Cependant, le projet reste bien trop timide sur des questions structurelles décisives. Selon eux, ni la séparation insuffisante entre l’instruction et la décision ni le manque de spécialisation de l’instance de recours ne sont traités de manière efficace. On ne peut pas mettre en place un système tourné vers l'avenir en se contentant d’ajustements ponctuels sans régler des défauts structurels.

Ce qu’une réforme efficace doit apporter

Selon les milieux économiques – cela a déjà été expliqué dans la réponse à la consultation –, une vraie réforme doit s’articuler autour de trois axes:

  • Une séparation institutionnelle claire: Il faut transformer la COMCO en une instance «judiciaire» dotée de ses propres ressources spécialisées. Concrètement, elle a besoin de ses propres greffiers, qui l’assistent sur les plans juridique et économique et préparent les décisions indépendamment du secrétariat. Cela ne signifie pas davantage de ressources, mais un déplacement de certaines ressources du secrétariat. Le secrétariat doit lui être exclu du processus décisionnel.
  • Instance de recours spécialisée: Le droit des cartels doit être traité par une chambre spécialisée distincte au sein du Tribunal administratif fédéral; à long terme, cela pourrait déboucher sur la création d’un tribunal de la concurrence autonome.
  • Renforcement des droits procéduraux: Un conseiller auditeur indépendant, à l’instar de ce qui existe dans l’UE, doit, en tant qu’instance neutre, veiller au bon déroulement de la procédure et garantir le respect des droits procéduraux.

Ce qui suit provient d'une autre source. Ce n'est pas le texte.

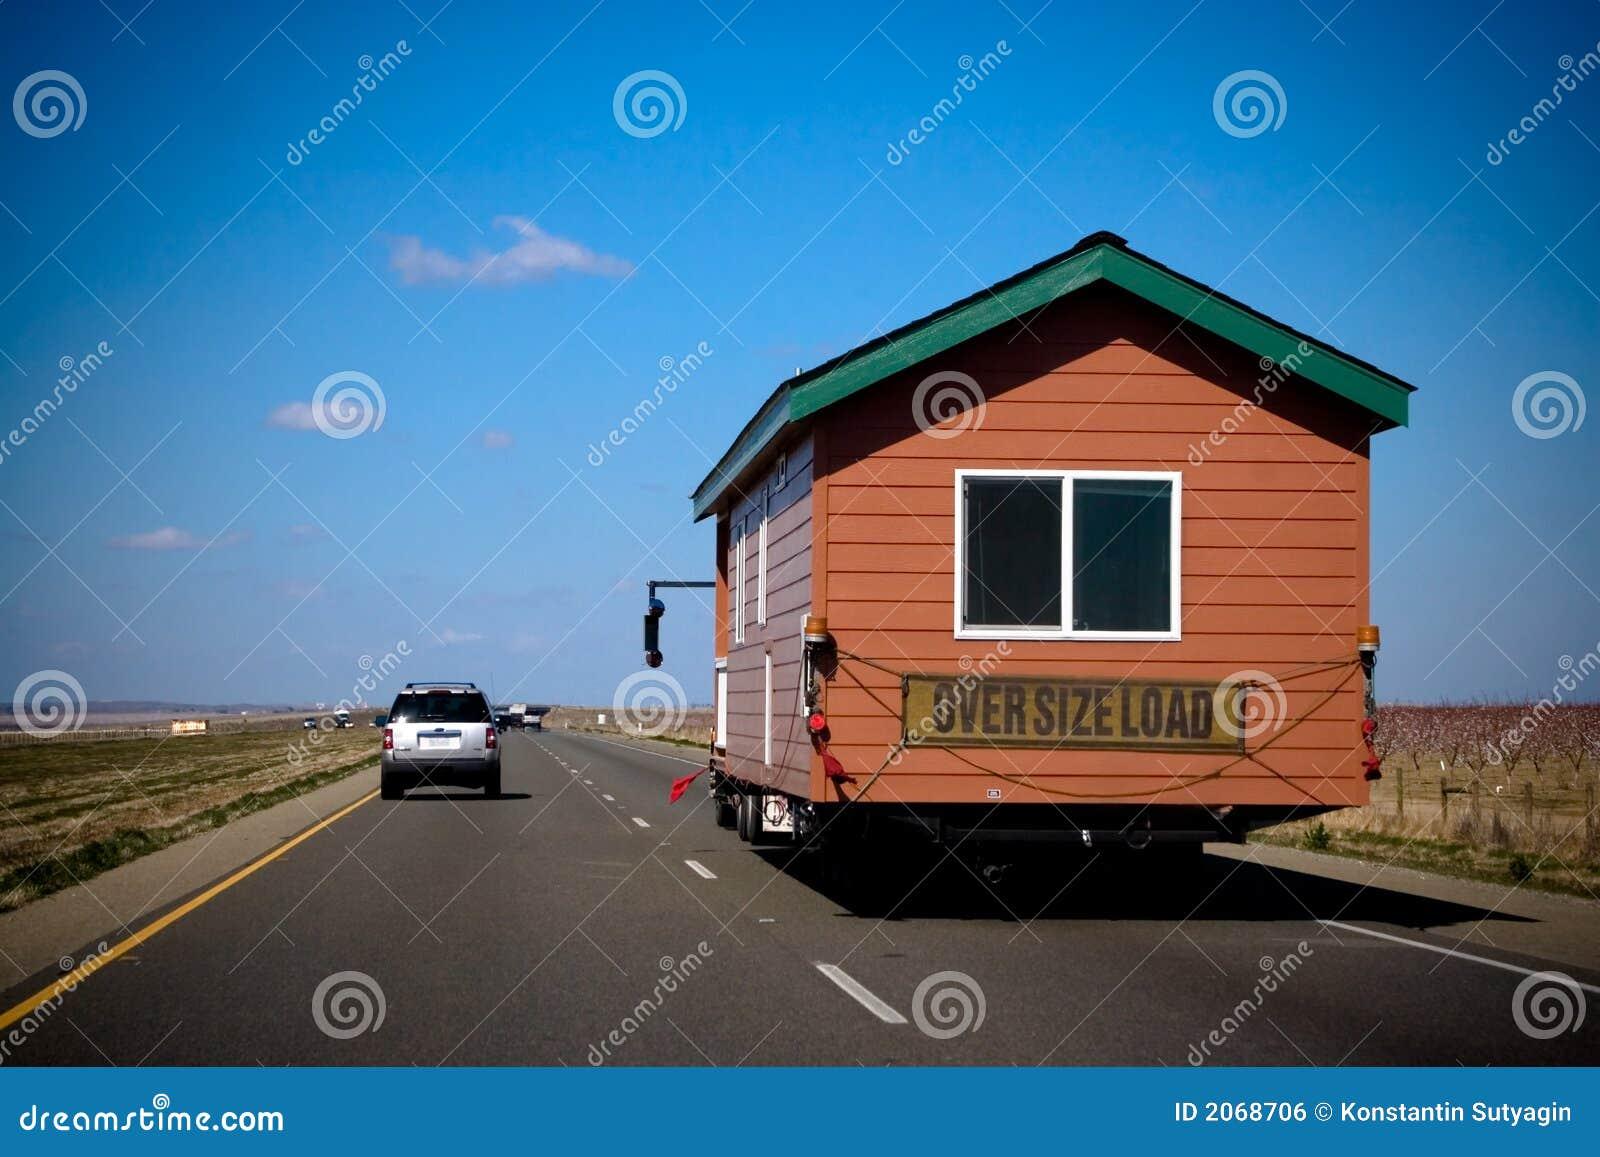 maison mobile photo stock image du lignes autoroute 2068706. Black Bedroom Furniture Sets. Home Design Ideas

À long terme, un modèle judiciaire serait la solution la plus cohérente au regard de l’État de droit. Aussi longtemps qu’un tel changement de système n’est pas réaliste politiquement, il faut au moins procéder à des adaptations ciblées qui confèrent à la COMCO une fonction similaire à celle d’un tribunal de première instance.

Seule une réforme qui prend cette demande au sérieux réglera les problèmes structurels du droit des cartels. Une telle réforme renforce non seulement la protection juridique, mais aussi l’acceptation et l’efficacité de l’exécution – dans l’intérêt des entreprises, des consommateurs et de la compétitivité de la Suisse en tant que place économique.